====== Source data ======

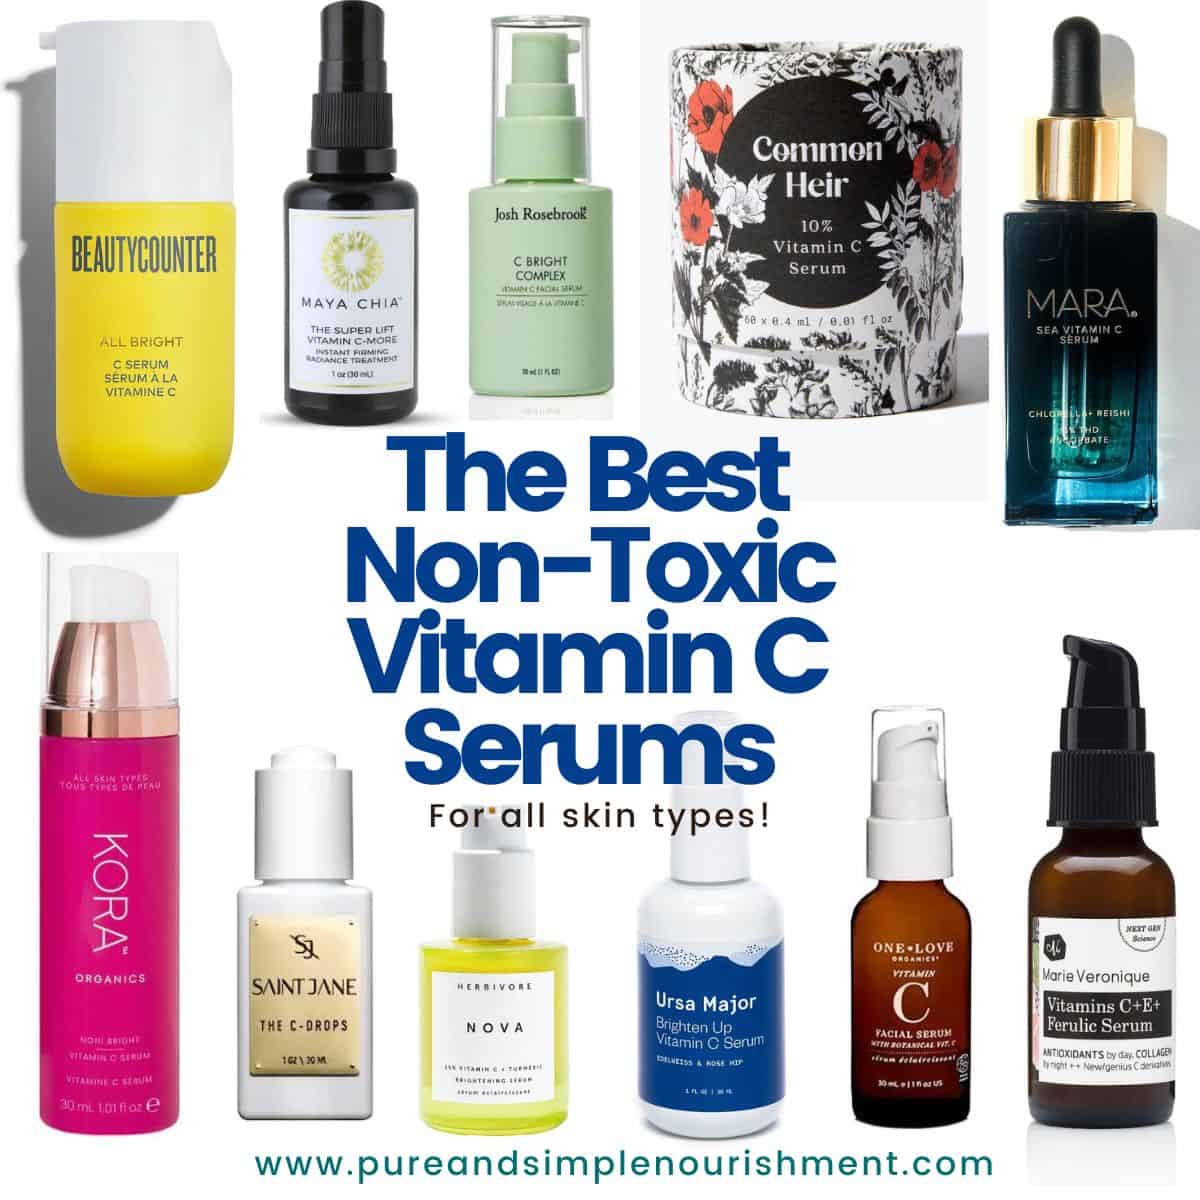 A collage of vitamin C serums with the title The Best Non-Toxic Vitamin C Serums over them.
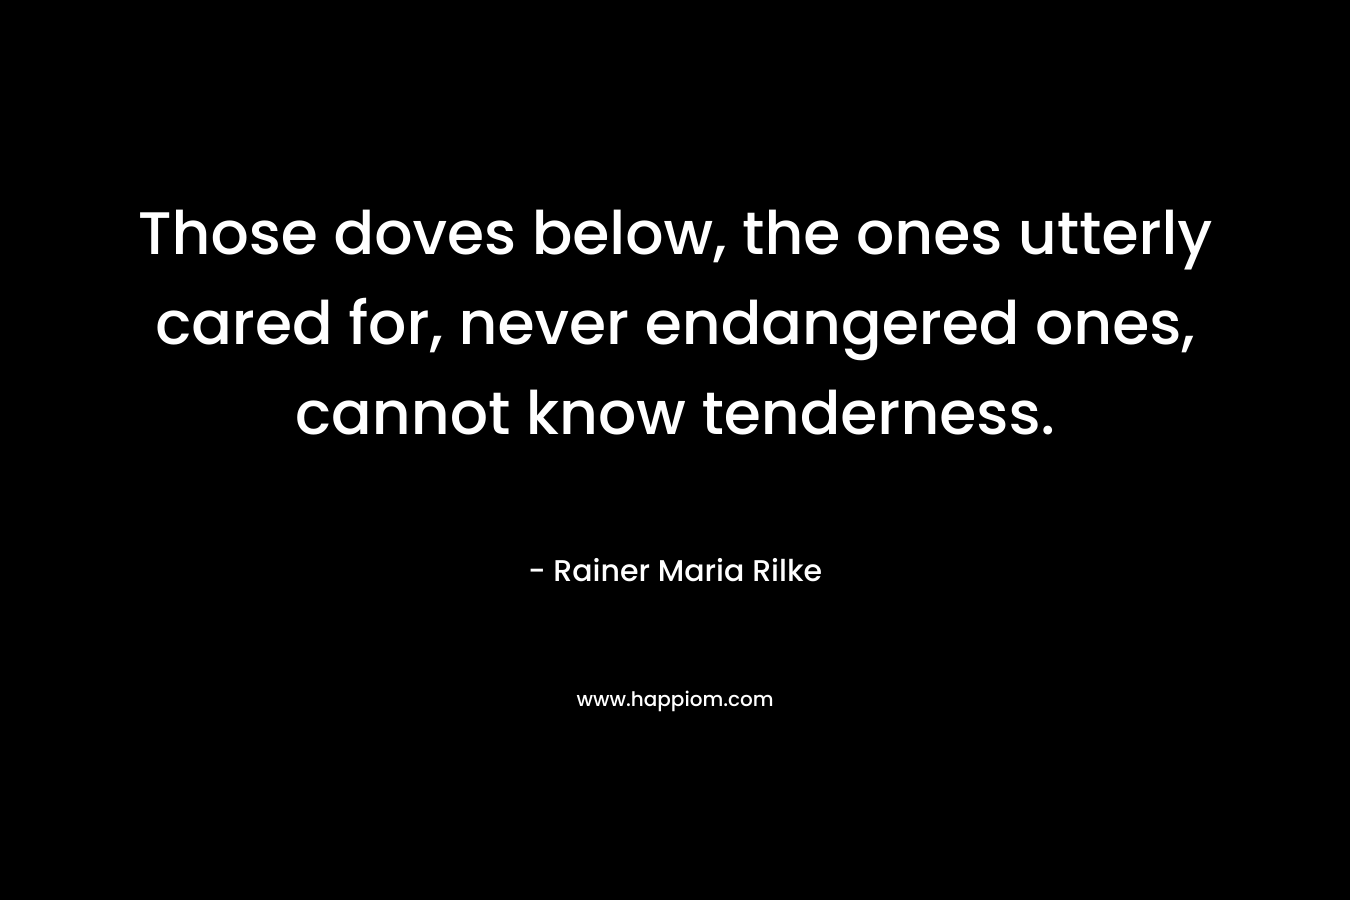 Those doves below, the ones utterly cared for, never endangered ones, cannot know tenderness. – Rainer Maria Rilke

======
====== Source data ======

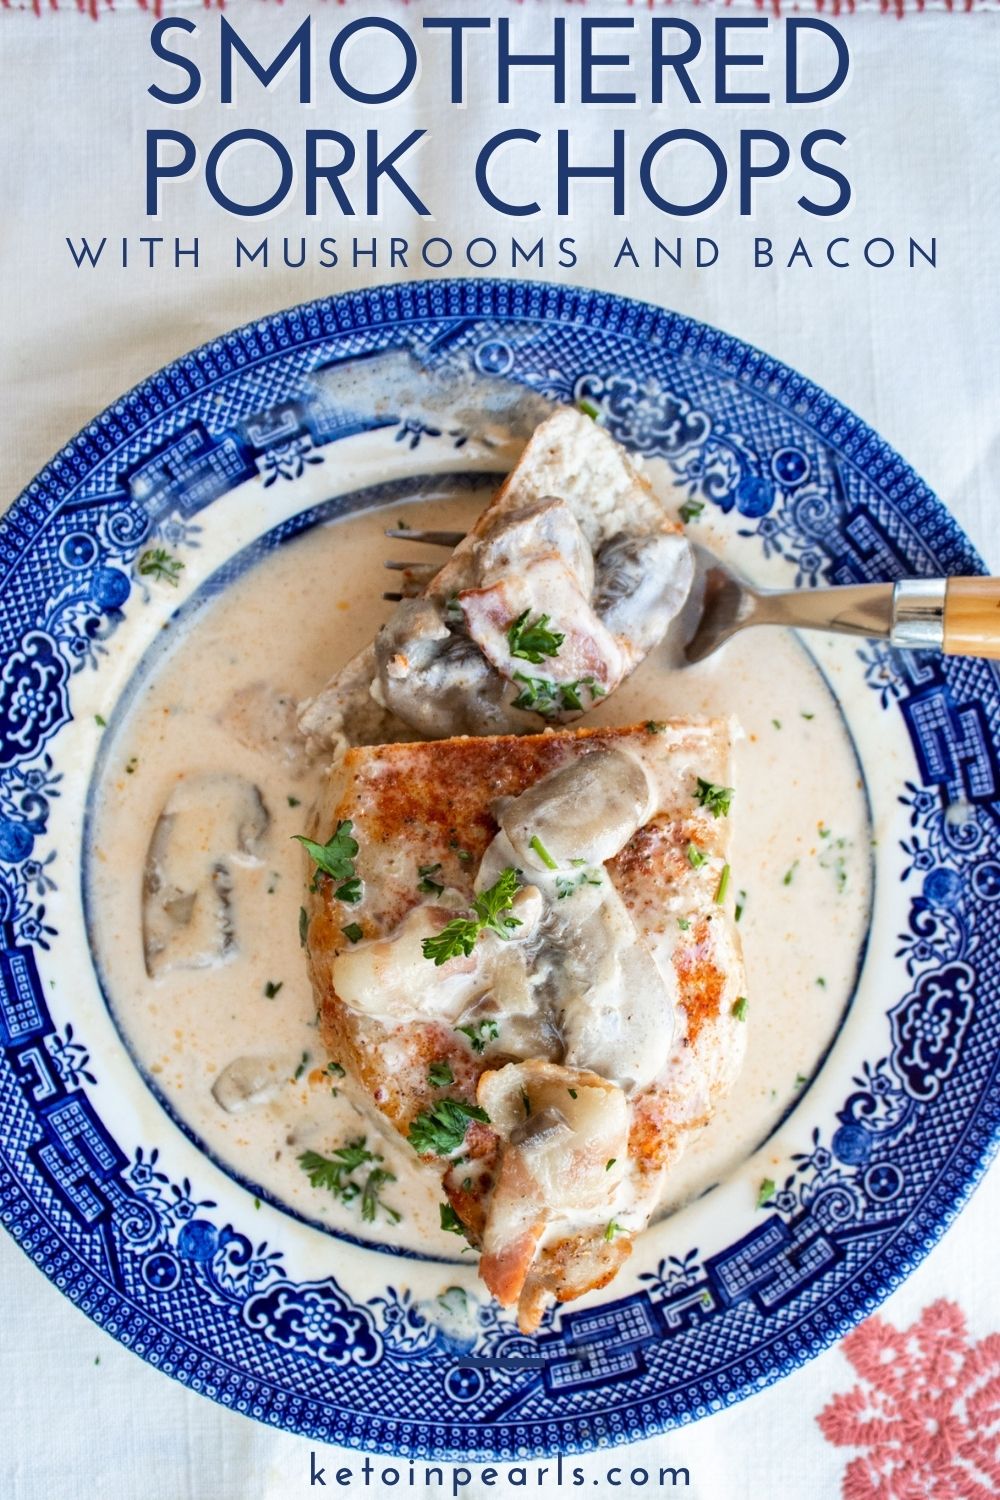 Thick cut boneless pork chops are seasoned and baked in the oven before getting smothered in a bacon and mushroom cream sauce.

======

Instructions to follow :: Return word for word the lines of the listing above, starting at the line with "A collage of" and ending at the line with "Those doves below, the", both included. Pictures do not belong in the copy.

Solution below ::
 A collage of vitamin C serums with the title The Best Non-Toxic Vitamin C Serums over them.
 Those doves below, the ones utterly cared for, never endangered ones, cannot know tenderness. – Rainer Maria Rilke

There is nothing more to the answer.